## Try it
An exact reproduction of the listing is wanted, with the pictures dropped.

## Data block
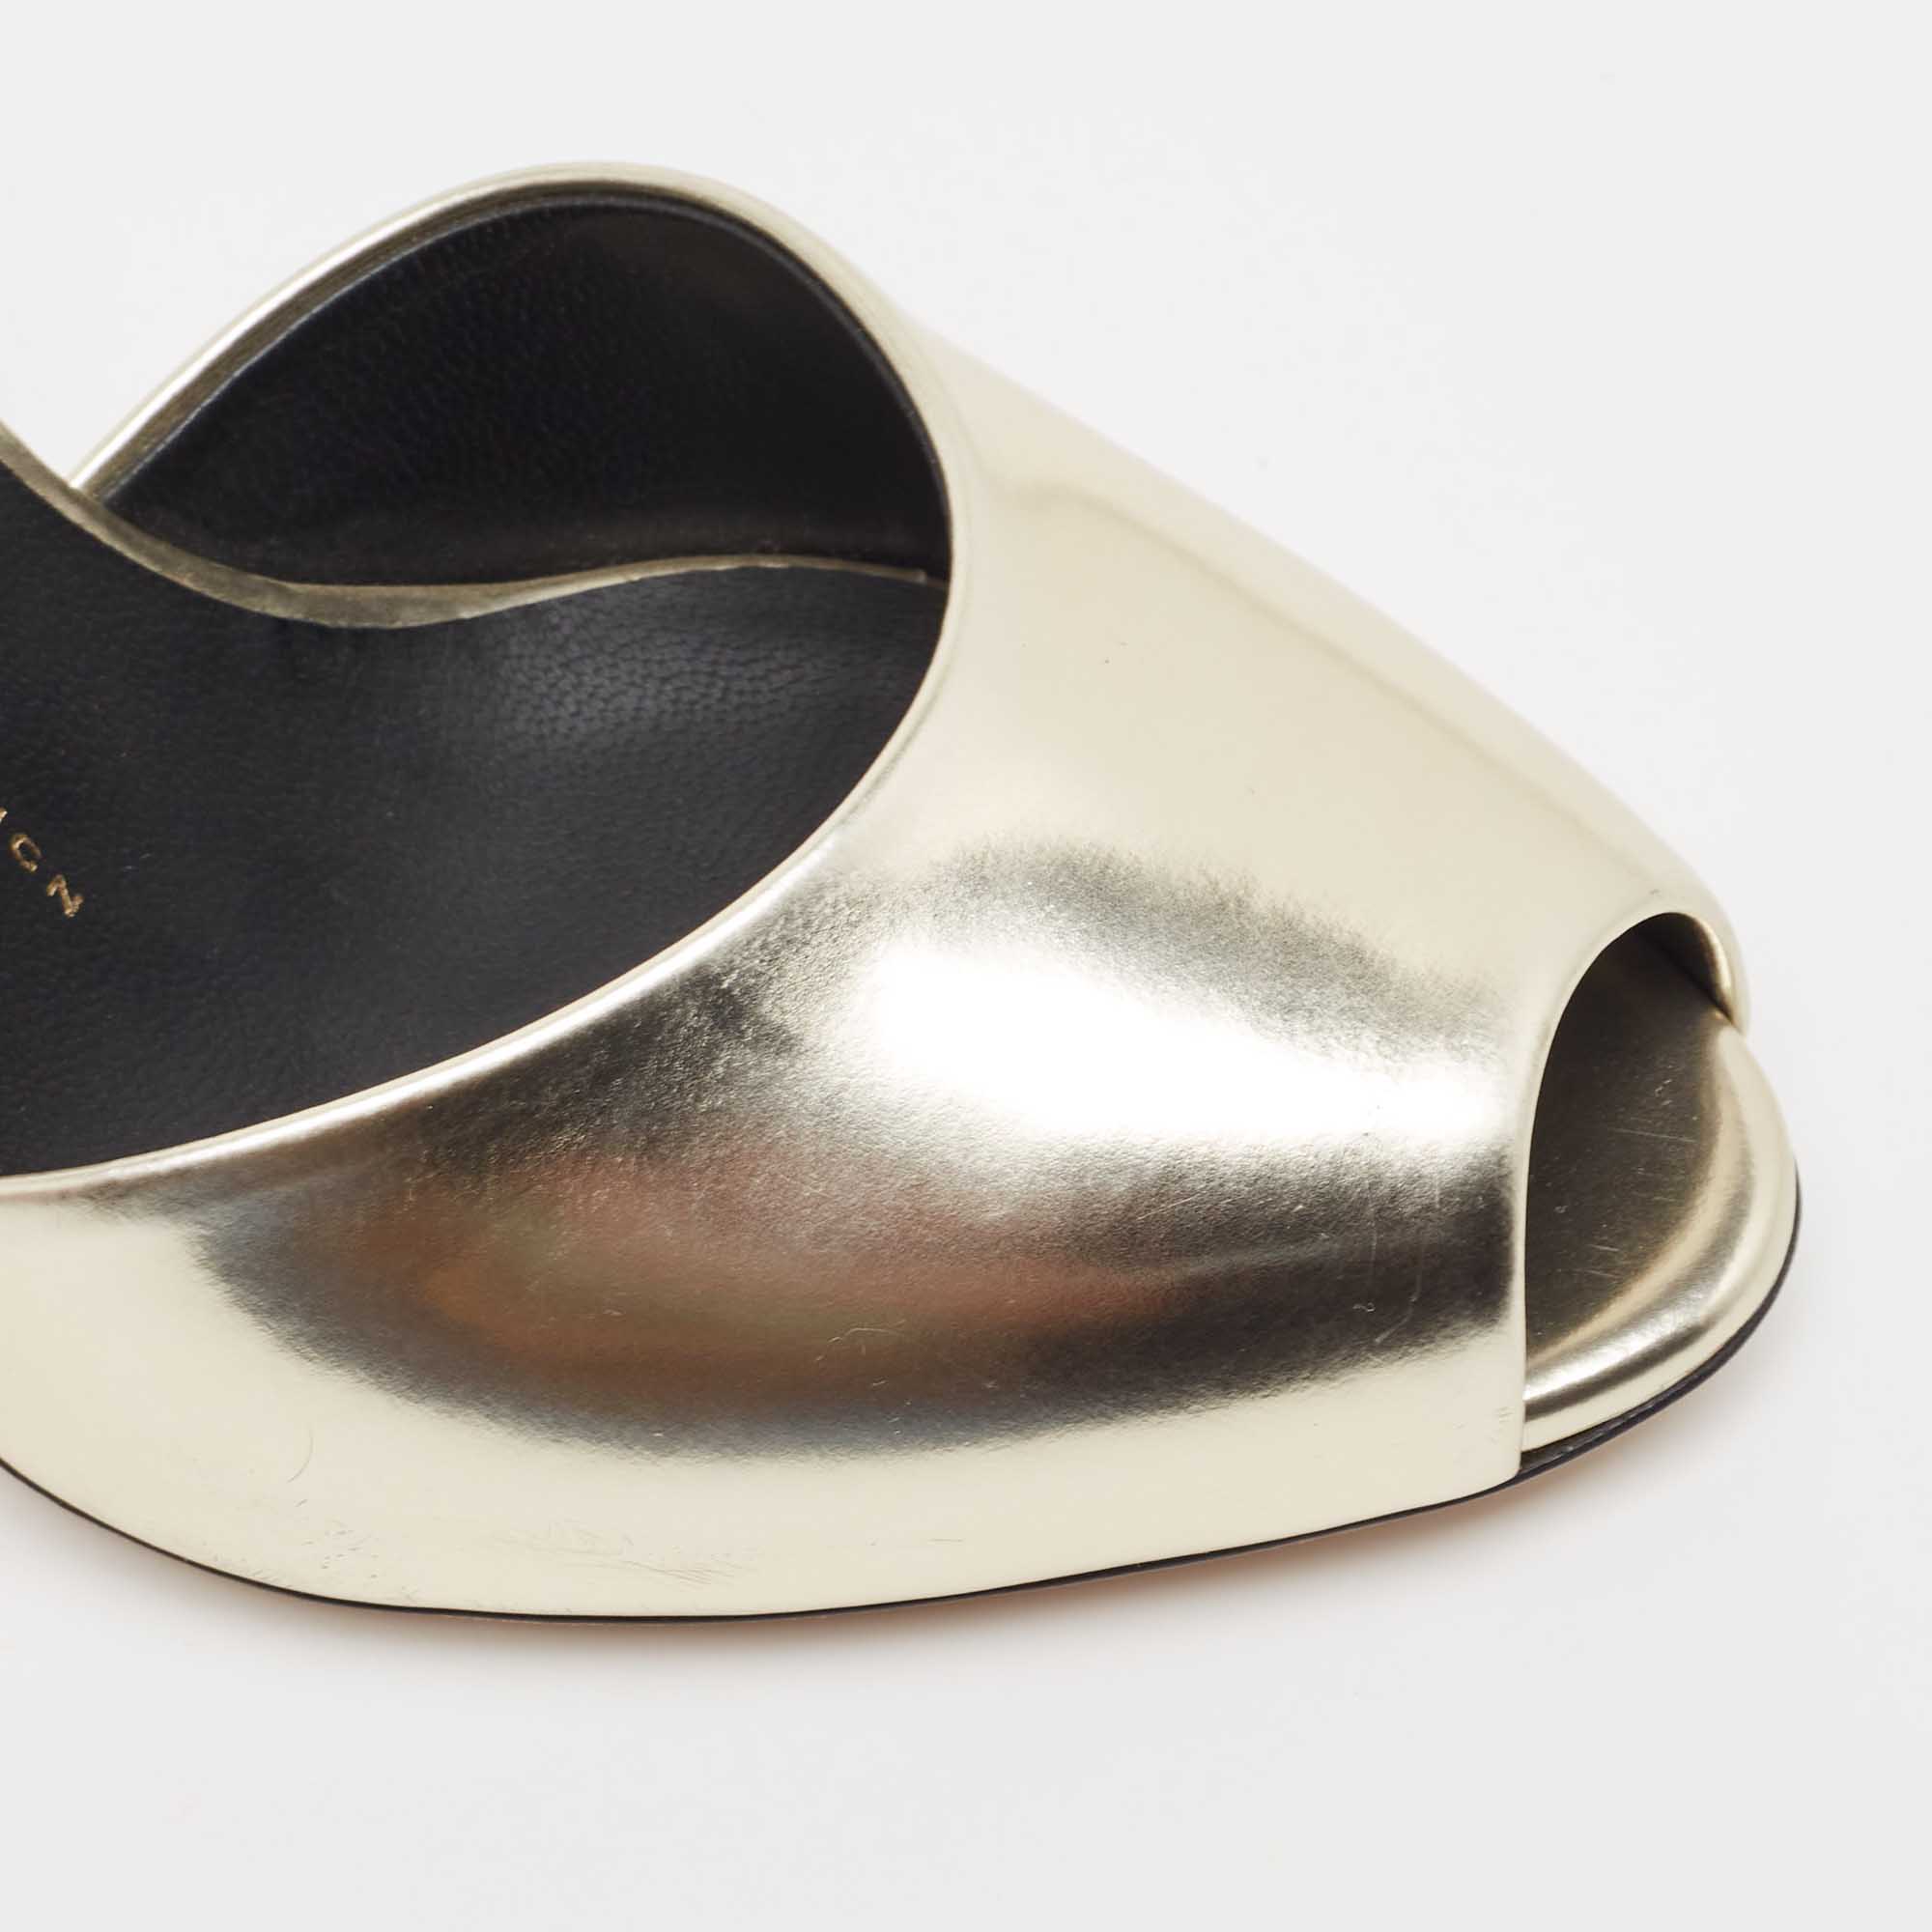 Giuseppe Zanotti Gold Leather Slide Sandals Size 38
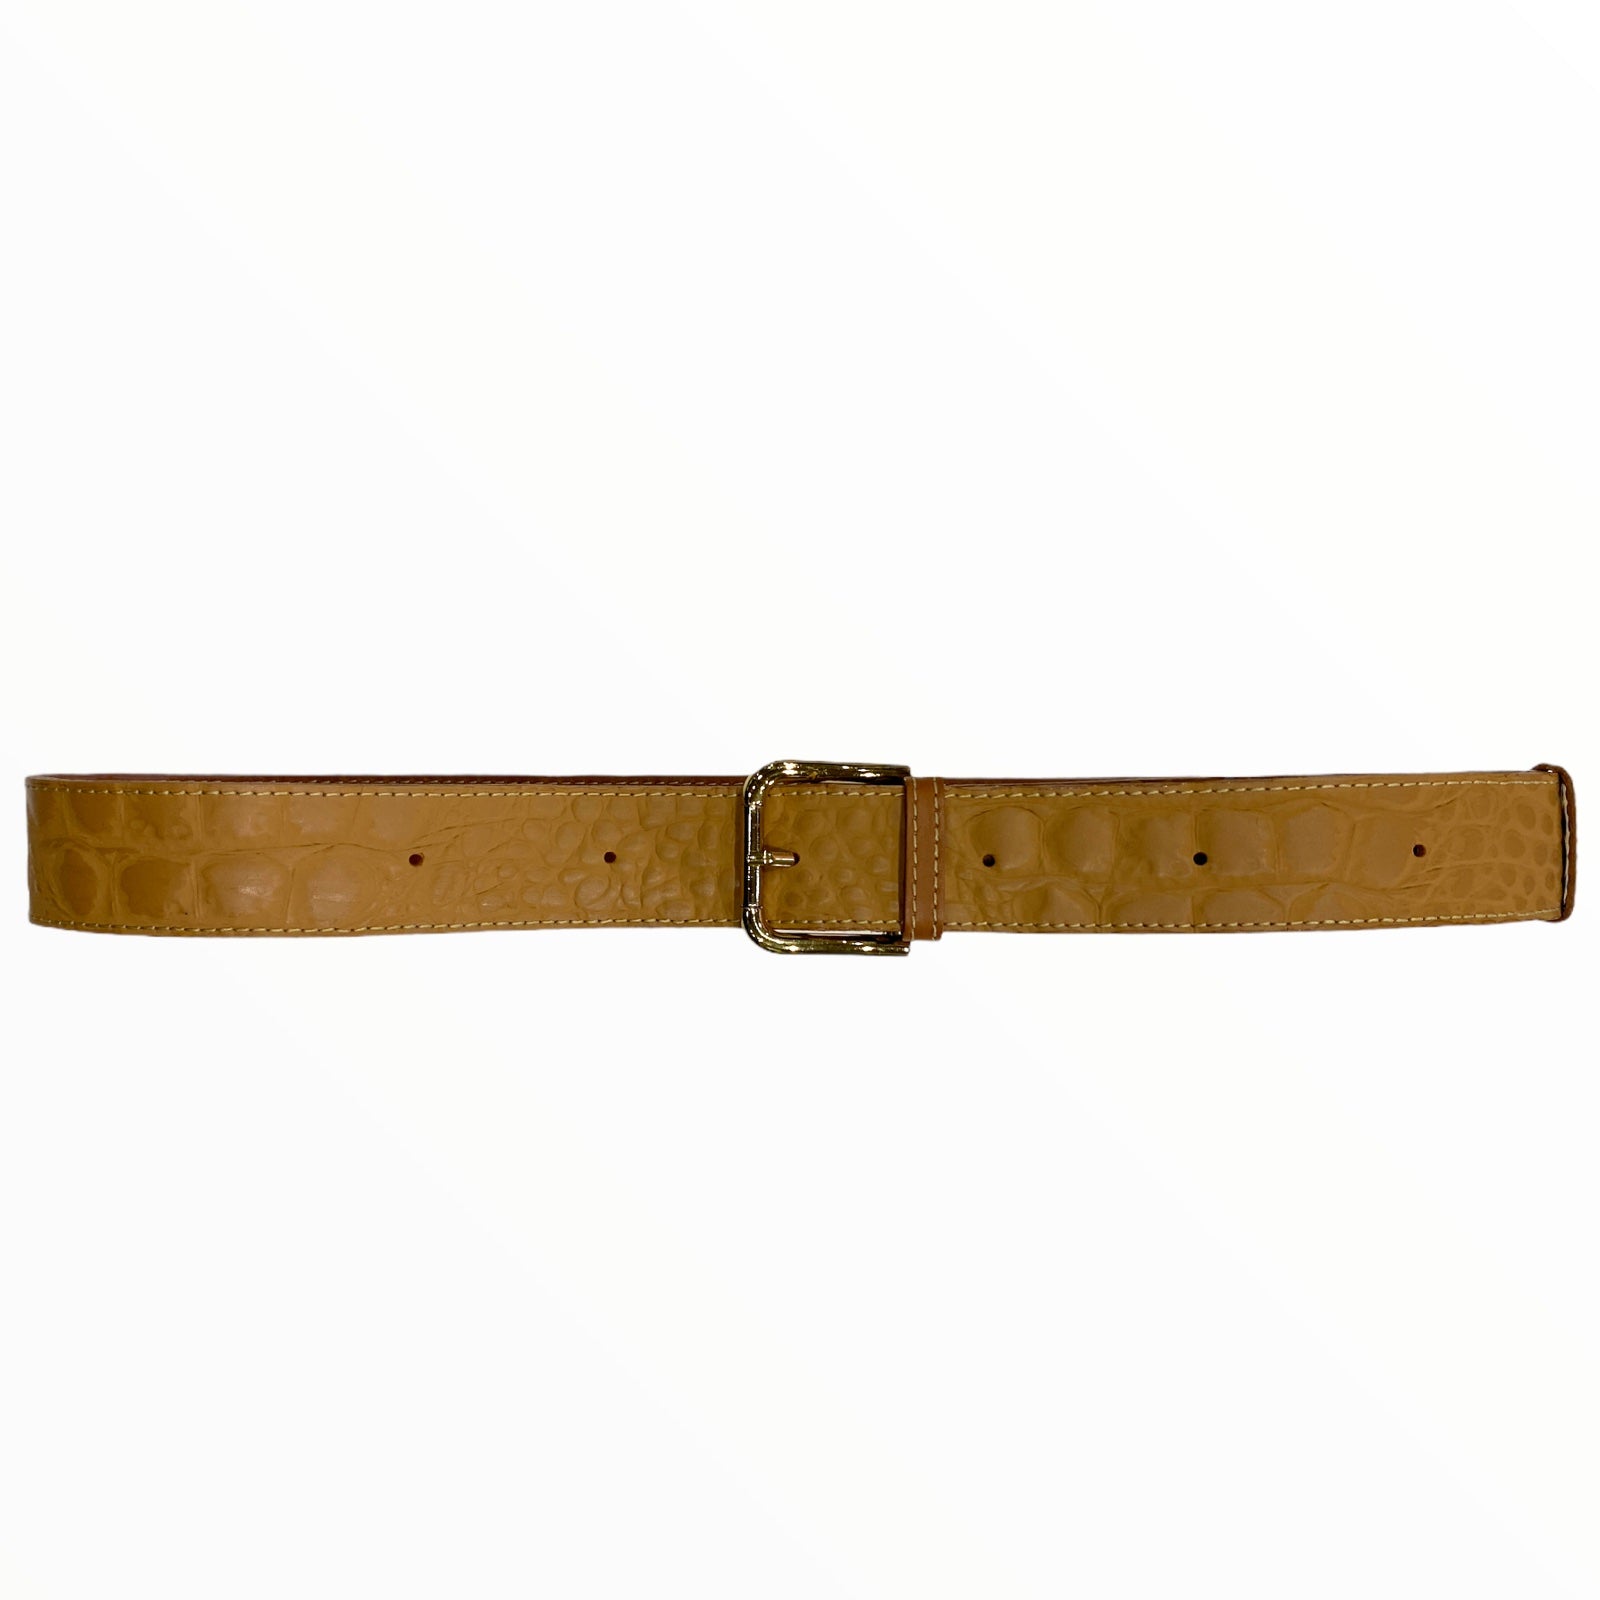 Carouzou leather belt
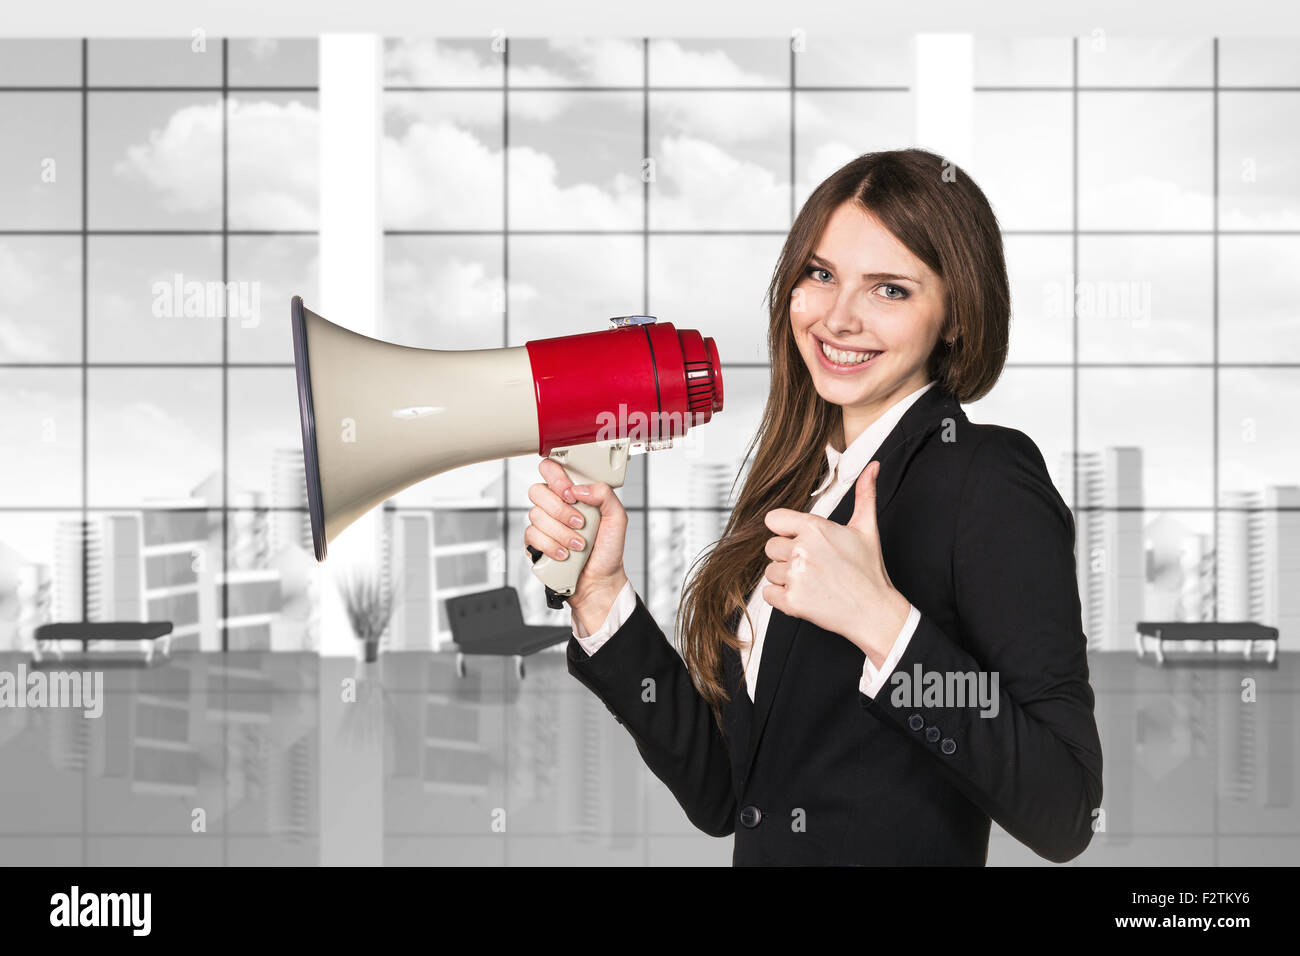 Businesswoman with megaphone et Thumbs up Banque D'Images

## Solution for this exercise
 Giuseppe Zanotti Gold Leather Slide Sandals Size 38
 Carouzou leather belt
 Businesswoman with megaphone et Thumbs up Banque D'Images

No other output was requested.